In order to increase the reliability and completeness of such searches and state that, for example, two objects from two different documents correspond to the same real world object, identifying features of such objects need to be determined or known. Still, even if some unique identifying features are determined for two objects, those objects can turn out to be different, such as complete namesakes.
Special models of presenting data, such as Resource Description Framework (RDF) are used to store information of objects in a collection of documents. RDF is a graph structure presenting a set of statements about entities, which are the real world objects (such as people, organizations, location), as well as facts (such as the fact of a person working at a particular organization). Each statement is presented in the form of three data entities (subject, predicate, object} and it is called a “triplet”. A plurality of statements—triplets form a graph with its nodes corresponding to objects and subjects linked by arcs—predicates directed from subjects to objects. Such RDF graphs can be constructed for one sentence as well as for the entire document in the collection of documents.
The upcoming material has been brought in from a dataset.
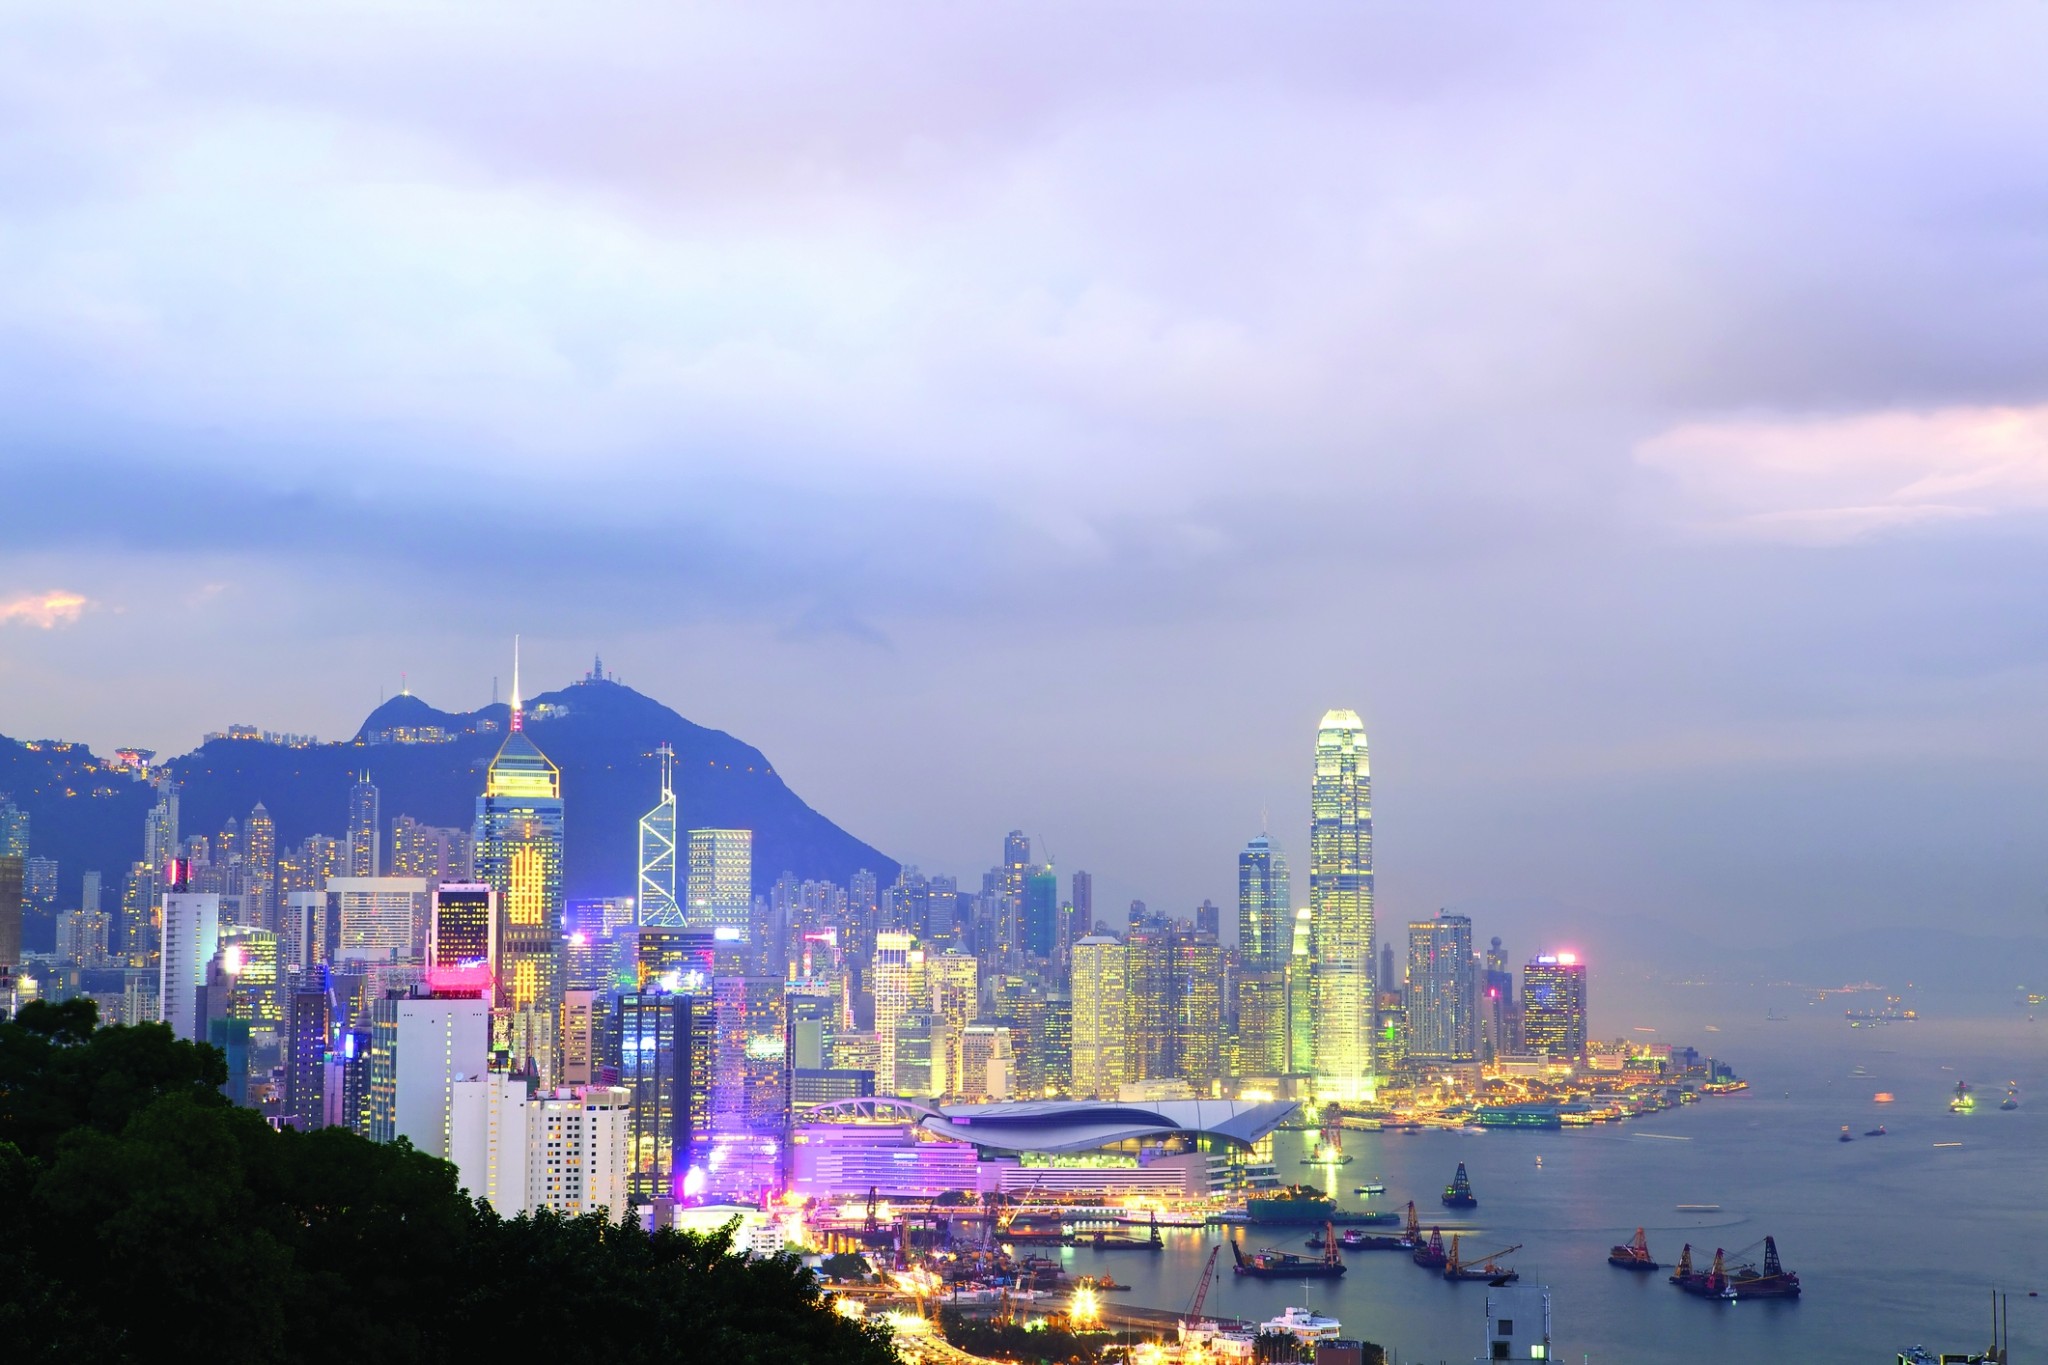 ICBC Financial Leasing sets up Hong Kong subsidiary

Each real world object in the collection is associated with one or more features of an RDF graph, and different copies of the same real world object in different documents can be characterized by the same features. Therefore, the task of global identification consists in comparing objects from texts in a natural language with each other and with real world objects and in creating RDF-graph and at one or more index of the document collection as different objects with identical features are represented in the RDF graph as the same object.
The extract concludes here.